Nikolaeva often appeared on-air wearing traditional Ukrainian vyshyvanka, which became a distinctive feature of her television persona. These garments were hand-embroidered by her grandmother and included a small selection of blue, white, and orange-toned shirts. Her appearance played a dual role—serving as a visual anchor for viewers adjusting television receivers in the pre-test pattern era and reinforcing national cultural imagery.

In 1966, Nikolaeva's departure from broadcasting was precipitated by a conflict within the television station. According to her daughter, she was forced to choose between her role as a television announcer and her marriage to a television cameraman, Arkady Derbyanyan. She chose to preserve the marriage, eventually leaving the station. The marriage lasted about a decade before ending in divorce.

Her co-host, Danylenko, was thought by her Soviet superiors to be too old to be on the television anymore, and was forced to return to radio. Danylenko died in 1970.
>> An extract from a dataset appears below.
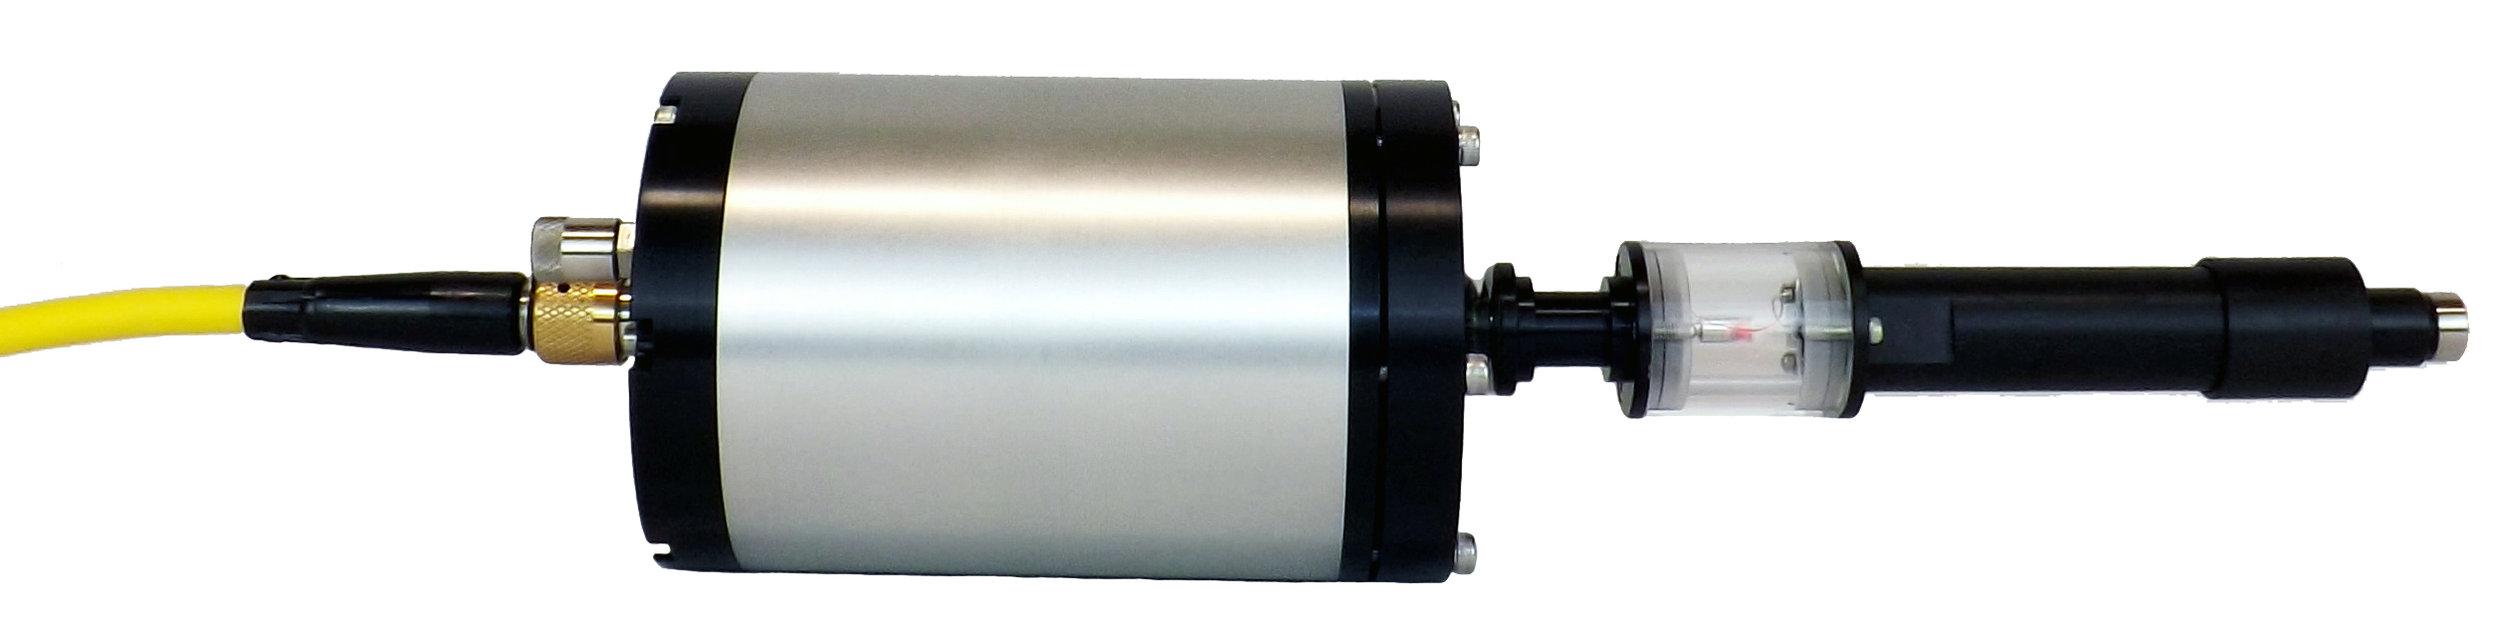 Inuktun Laser Profiler 3 cropped.jpg

== Career as a film producer ==
After leaving her position as a television presenter, Nikolaeva began working as an assistant director at Ukrtelefilm, the Soviet state film studio responsible for television productions in the Ukrainian SSR. There, she participated in a range of productions, including television films and concert recordings.
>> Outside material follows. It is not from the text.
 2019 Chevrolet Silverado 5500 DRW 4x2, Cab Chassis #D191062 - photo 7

The same year that Nikolaeva went to Urktelefilm, Volodymyr Shcherbytsky assumed the post of First Secretary of the Communist Party of Ukraine. Nikolaeva was tasked with assisting during the filming of one of his public addresses due to her background in broadcasting, which made her a trusted figure. While preparing Shcherbytsky for his televised appearance, he recognized Nikolaeva and initially struggled to place her. After being reminded of her previous work on television, he reportedly expressed surprise and admiration, lamenting her absence from the screen. He issued a direct order that she return to television immediately, even instructing his deputy to ensure compliance. However, due to prior filming obligations in Sevastopol, Nikolaeva could not fulfill the request. This incident occurred during a filming session overseen by Volodymyr Bortko, the Soviet and later Russian film director known for works such as The Heart of a Dog and The Master and Margarita.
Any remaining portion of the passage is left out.